Serologic assays, including immunofluorescence and enzyme-linked immunosorbent assays, are the primary methods of diagnosing infection with HHV-8. However, testing has limited sensitivity, specificity, and reproducibility and is primarily a research tool with no universally recognized standard assays. Additionally, the loss of antibodies over time, referred to as seroreversion, has been described, further complicating serodiagnosis. Immunohistochemistry and molecular methods are available for the detection of HHV-8 in tissue samples and are utilized in the diagnosis of KS, PEL, and MCD, alongside their disease-specific clinical manifestations.

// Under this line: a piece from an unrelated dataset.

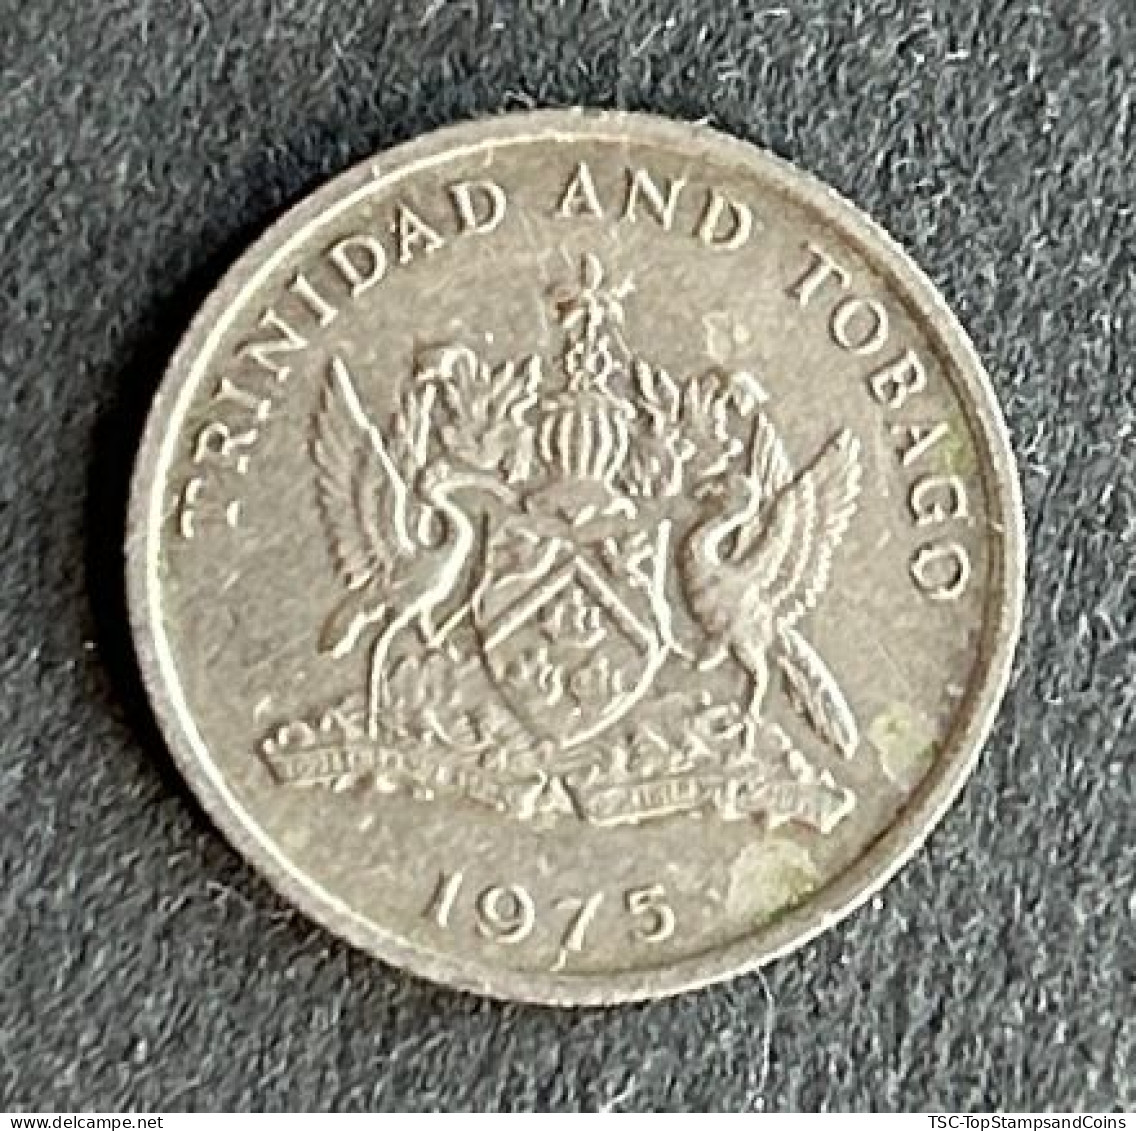 $$T&B500 - Elizabeth II Coat Of Arms / Flaming Hibiscus - 10 Cents Coin - Trinidad & Tobago - 1975 - Trinité & Tobago

Treatment for KS, PEL, and MCD is multifaceted and includes attempts to control malignant proliferations with traditional chemotherapeutic regimens and biologic agents as well as agents aimed at specific cellular pathways targeted by HHV-8 proteins. Combined antiretroviral therapy (ART) is a mainstay of both prevention and therapy for HHV-8 related disease in HIV-infected patients. In HIV-associated KS, treatment with ART alone is often used for the control of mild (i.e., cutaneous) disease, while ART plus chemotherapy is utilized for more severe disease. In transplantation-associated KS, the first line of treatment includes decreasing immunosuppression, often in association with a switch from calcineurin inhibitors to sirolimus (rapamycin) to block the mammalian target of rapamycin pathway. Severe disease frequently requires the use of traditional chemotherapy as well. The role of specific antiherpesvirus antiviral treatment is unclear. Oral valganciclovir decreases the detection of HHV-8 in saliva, and ganciclovir treatment has been associated with decreased rates of development of KS in HIV-infected individuals. However, results of using antivirals in the treatment of established disease have been generally disappointing. The prognosis for PEL tends to be poor despite the use of traditional chemotherapy, while rituximab (anti-CD20)–based therapy has been highly successful for MCD treatment. However, relapse and the development of lymphoma following treatment can still occur. Rituximab treatment may also worsen concurrent KS without additional agents.